Scientists are also taking advantage of the NIF’s extreme, star-like conditions to learn more about the nature of stars and the origin of elements.
The recent achievement of fusion ignition at the National Ignition Facility (NIF) represents a monumental scientific step forward in controlling the physics involved in the quest for limitless clean energy in the future. Scientists are also taking advantage of the NIF’s extreme, star-like conditions to learn more about the nature of stars and the origin of elements.
To better understand its potential as a testbed for nuclear astrophysics research, a team of scientists is studying the environments created during laser shots at the NIF at the Argonne Tandem Linac Accelerator System (ATLAS), a US Department of Energy (DOE) Office of Science user facility located at DOE’s Argonne National Laboratory.
Extreme stellar environments, such as supernovae and neutron-star mergers, produce chemical elements. The NIF’s intense conditions mimic those found in stars, making it a powerful testbed for investigating nuclear physics.
ATLAS capabilities are allowing scientists to characterise the NIF environment, with the ultimate goal of understanding the processes that produce heavy nuclei such as gold, platinum, and uranium, as well as validating current models of stellar events and the early universe.

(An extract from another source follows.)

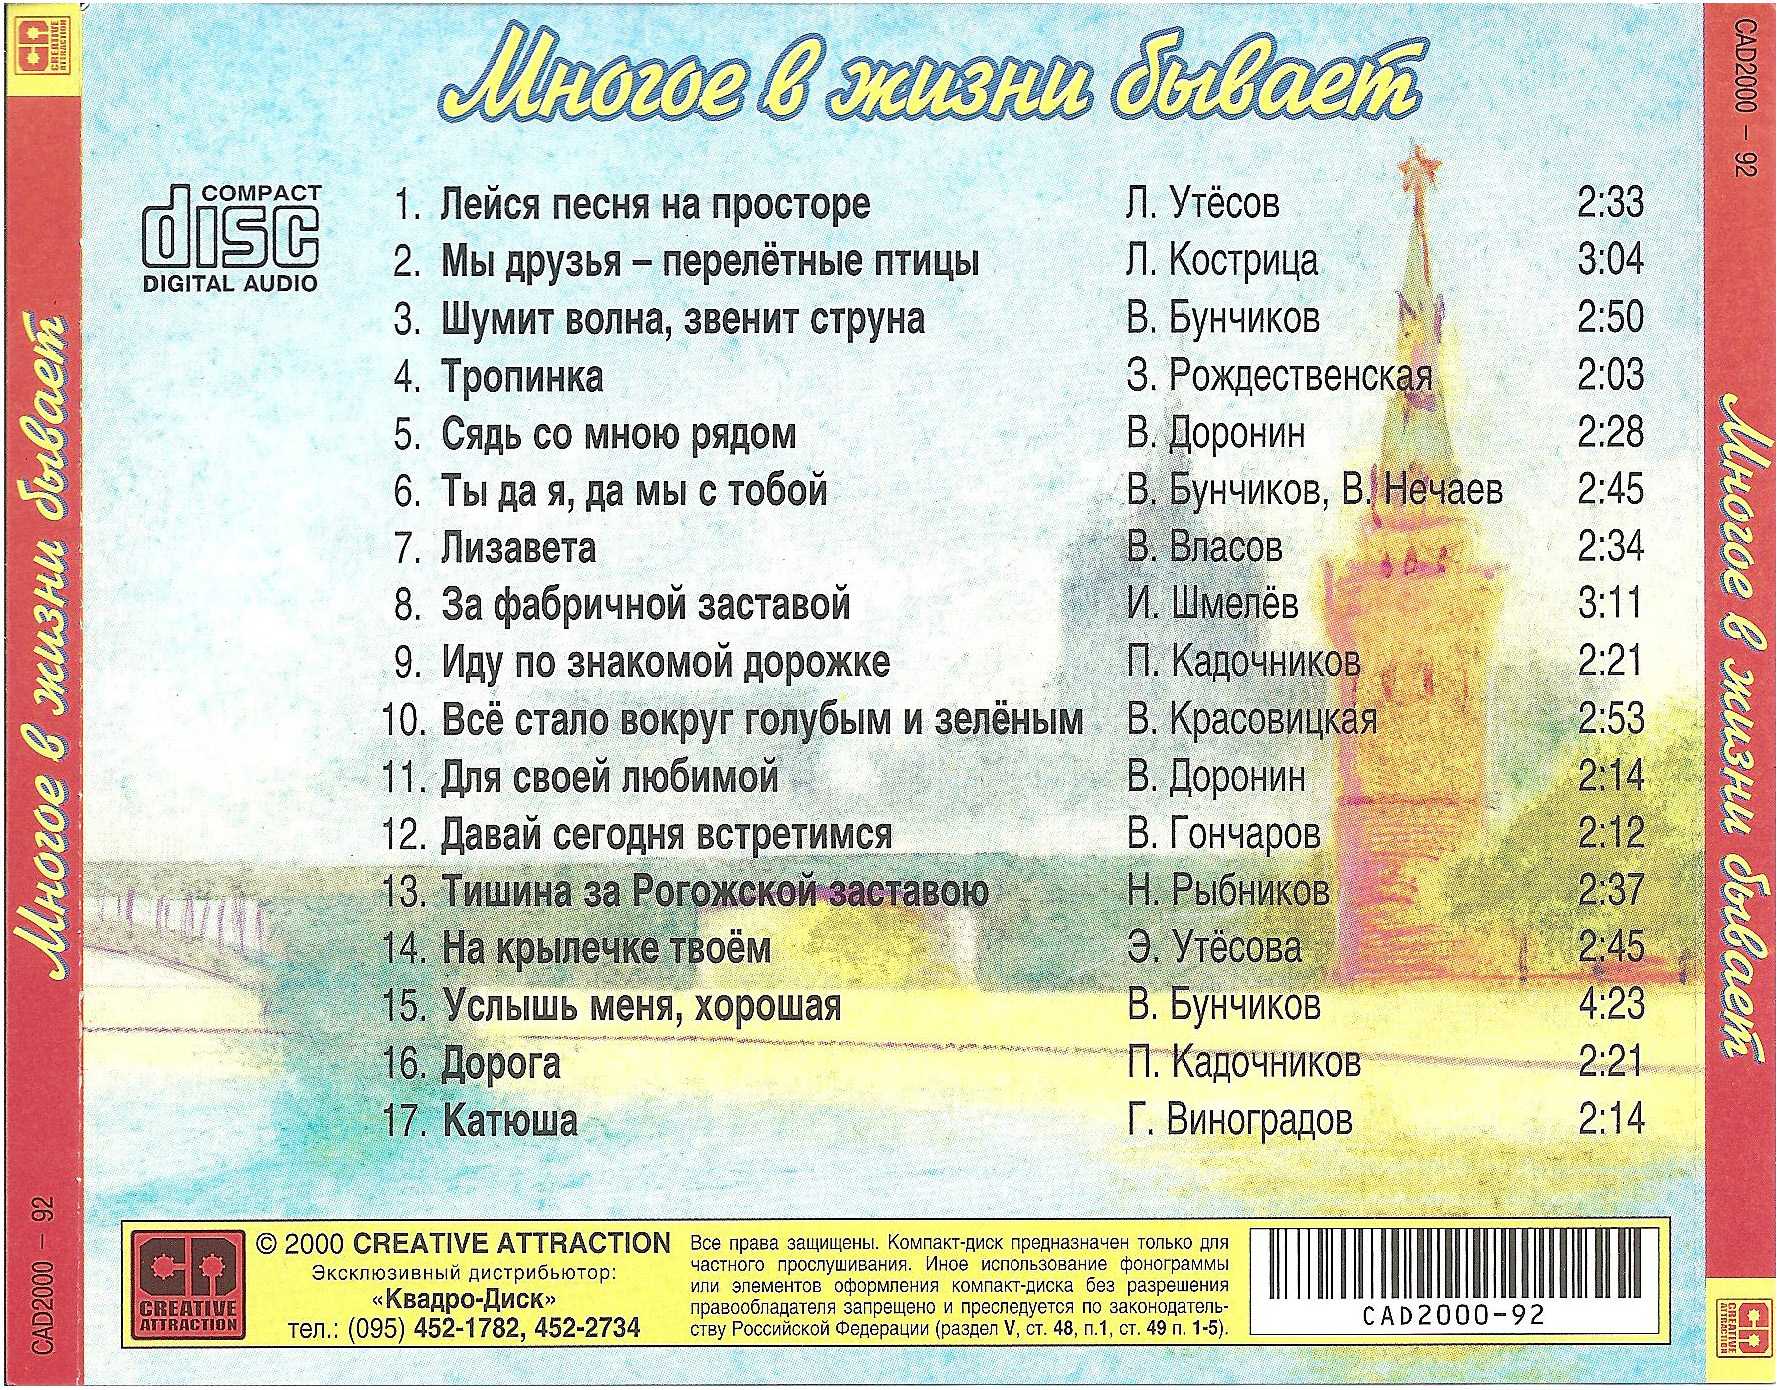 Текст самых известных песен. Список песен. Известные советские песни список. Названия известных песен. Русские песни список.

Laser beams at the NIF cause a capsule filled with fusion fuel to release large amounts of energy through processes similar to those found in stars. When a small amount of argon gas is added to the fuel in the NIF-ATLAS experiments, reactions produce radioactive argon isotopes, which are collected from the NIF and shipped to ATLAS.
There, the argon is analysed for evidence of specific nuclear reactions that demonstrate the synthesis of new atoms and could indicate the achievement of laboratory conditions required for the astrophysical r-process, which is thought to occur in stellar explosions and is responsible for the production of about half of the heavy elements in nature. DOE’s Office of Nuclear Physics is funding this research.
Argonne National Laboratory seeks solutions to pressing national science and technology problems. Argonne, the nation’s first national laboratory, conducts cutting-edge basic and applied scientific research in almost every scientific discipline.
Researchers at Argonne collaborate closely with researchers from hundreds of companies, universities, and federal, state, and municipal agencies to solve specific problems, advance America’s scientific leadership, and prepare the nation for a better future. Argonne, which employs people from over 60 countries, is managed by Chicago Argonne, LLC, for the US Department of Energy’s Office of Science.
The achievement of fusion ignition at the National Ignition Facility (NIF) is indeed a significant scientific advancement. Fusion is a process that occurs when the nuclei of two or more atoms combine to form a heavier nucleus, releasing a large amount of energy in the process.
Fusion has the potential to be a nearly limitless and clean source of energy, as it does not produce greenhouse gases or other harmful pollutants, and the fuel used in fusion reactions (mainly hydrogen) is abundant and widely available.